Ginger Pinholster, AAAS chief communications officer and director, office of public programs, said in a statement posted to the site last night at 10:10 p.m. Eastern that usernames and passwords had been compromised, and that embargoed information had been released.

Pinholster tells Embargo Watch that two embargoed releases were released early, and that:

The unknown individual was not selling login information. He seemed motivated to see whether he could breach EurekAlert!.

All of the site’s URLs now direct to a page with this message:

The EurekAlert! website has been taken offline as AAAS works diligently to address a serious security breach.

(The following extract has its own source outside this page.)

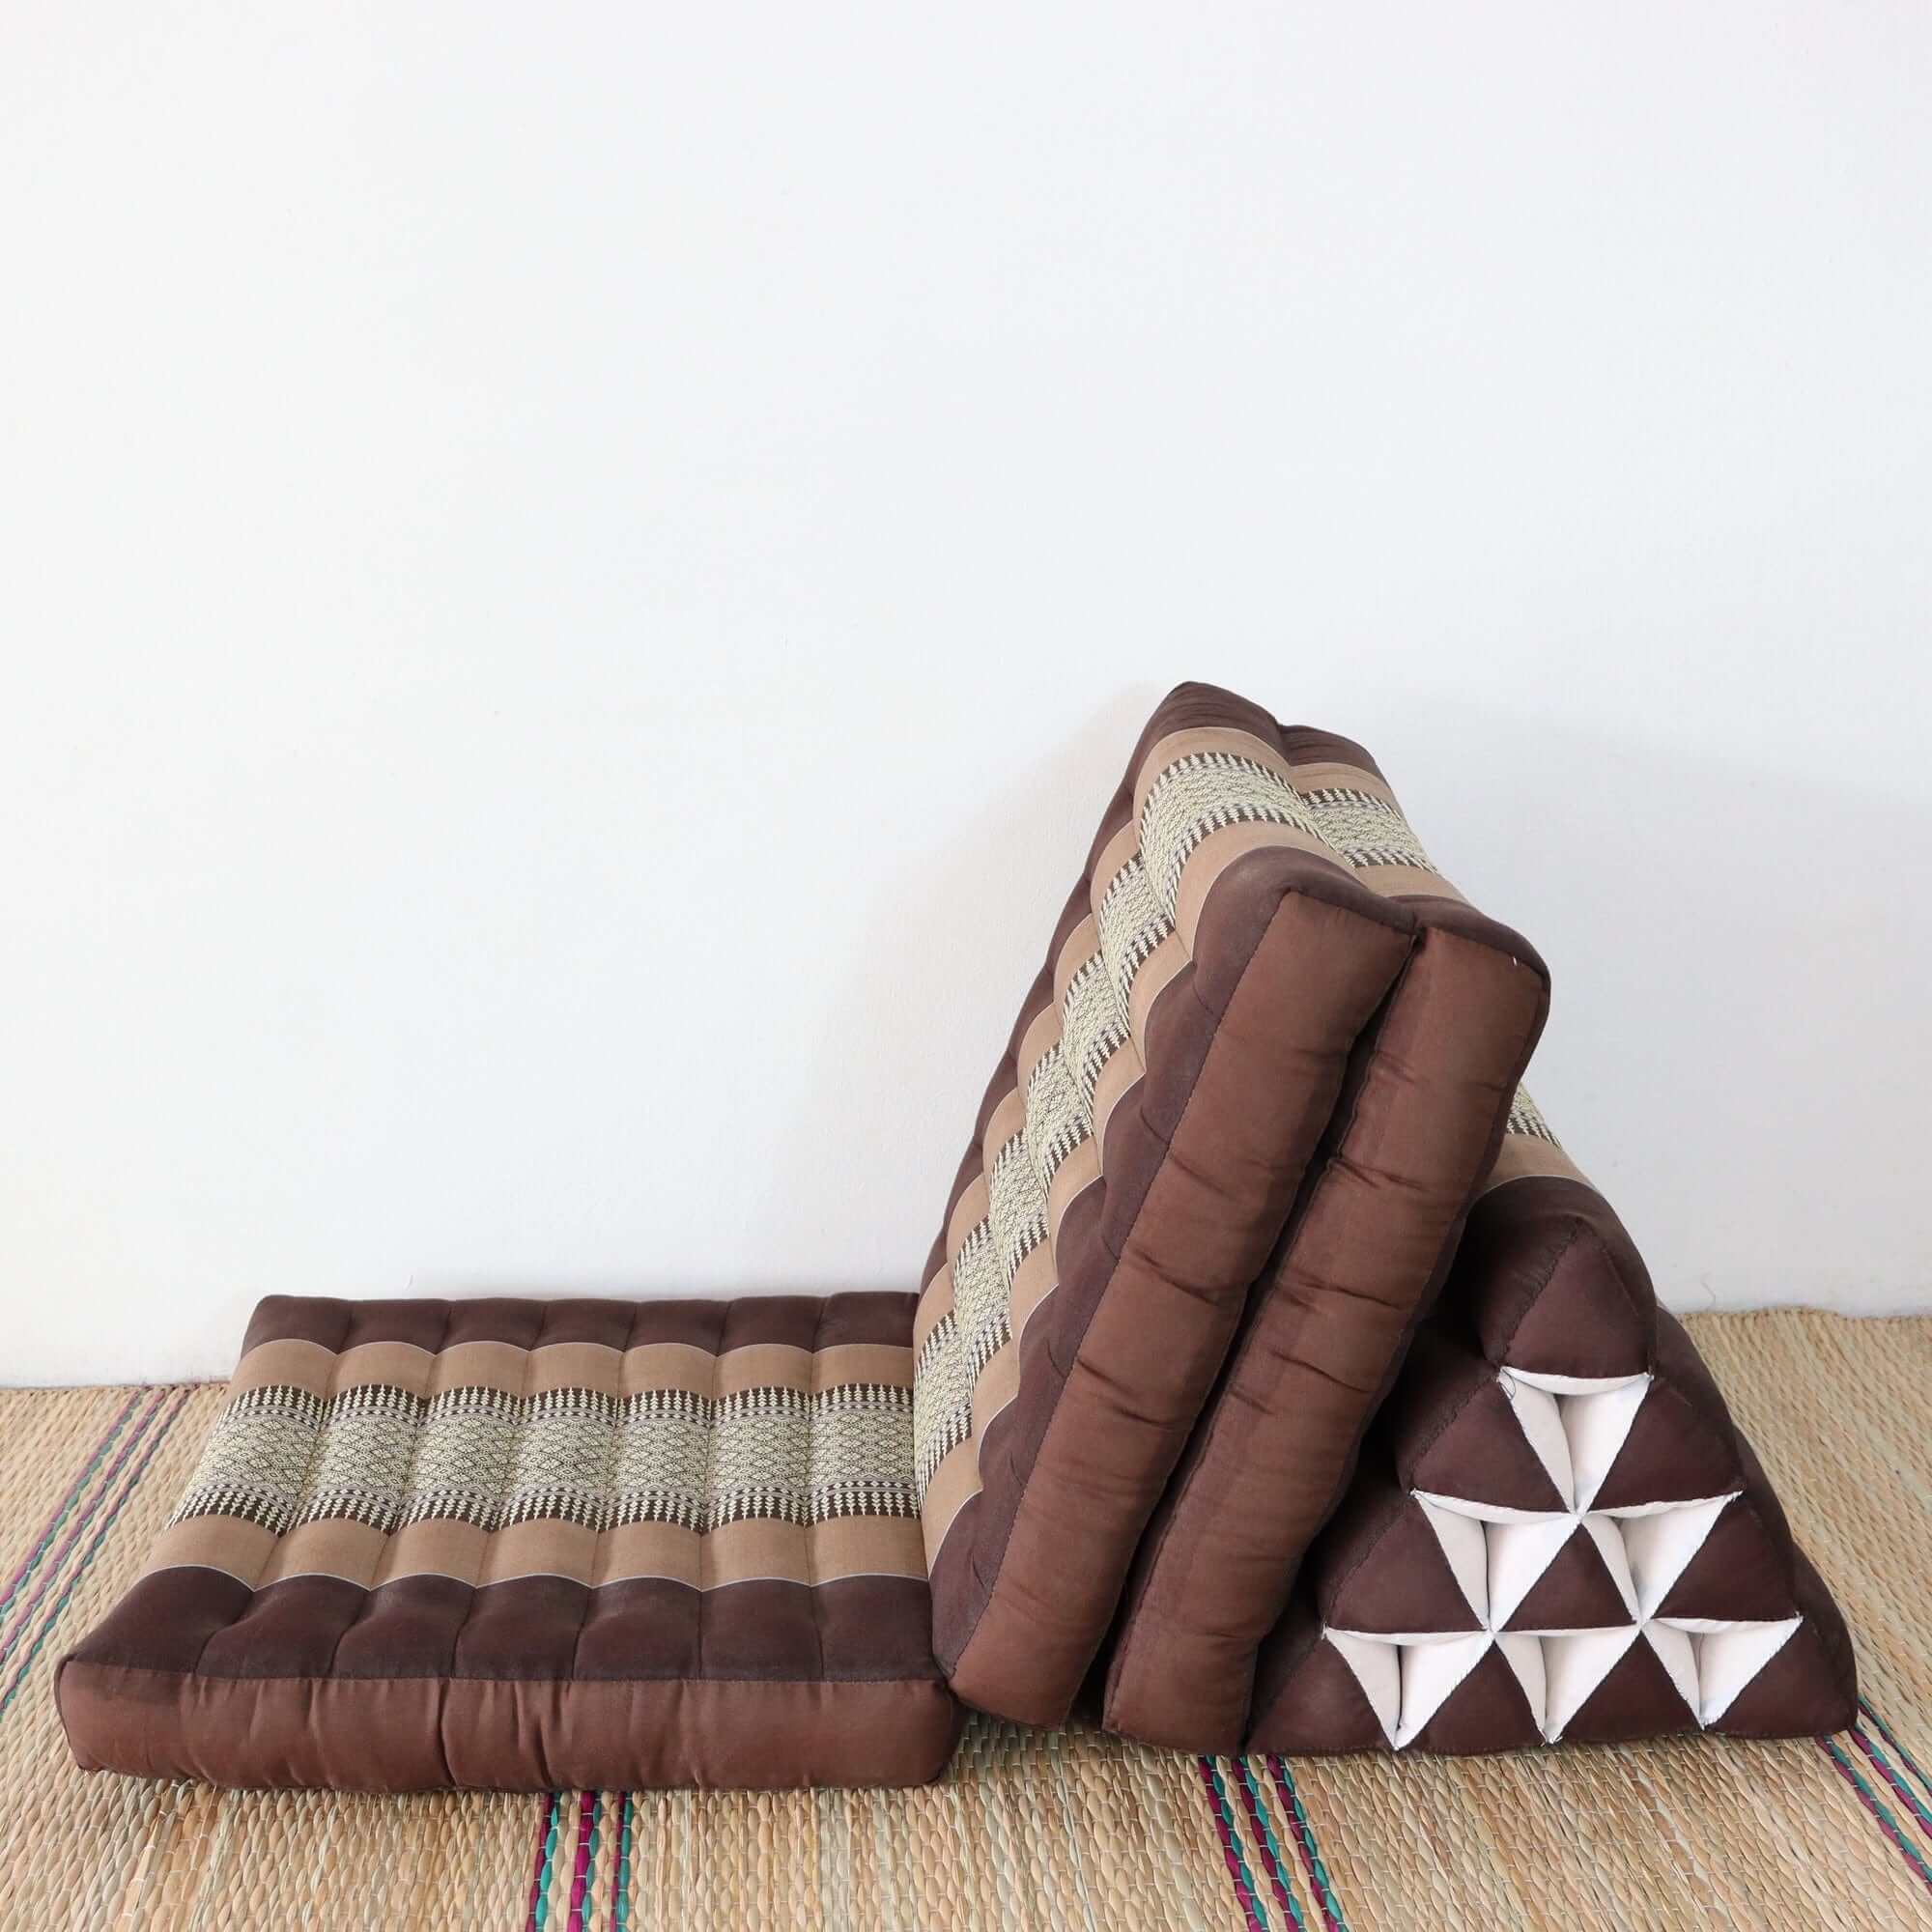 CAH KE YA - Thai Triangle 3 Fold Cushion

We are taking this step out of an abundance of caution. The integrity of content on our website is of the utmost concern to us. On September 11, we were notified of a potential breach to our system. An investigation revealed that our website had experienced an aggressive attack on September 9 that compromised usernames and passwords. As we were working to implement a secure password-reset protocol for all registrants, the unknown hacker publicly released an embargoed EurekAlert! news release. We then decided to bring the site down immediately, to protect other embargoed content.

Please be assured that financial information from subscribing institutions is not stored on the EurekAlert! website and therefore remained secure. Registrants’ usernames and passwords were compromised, however.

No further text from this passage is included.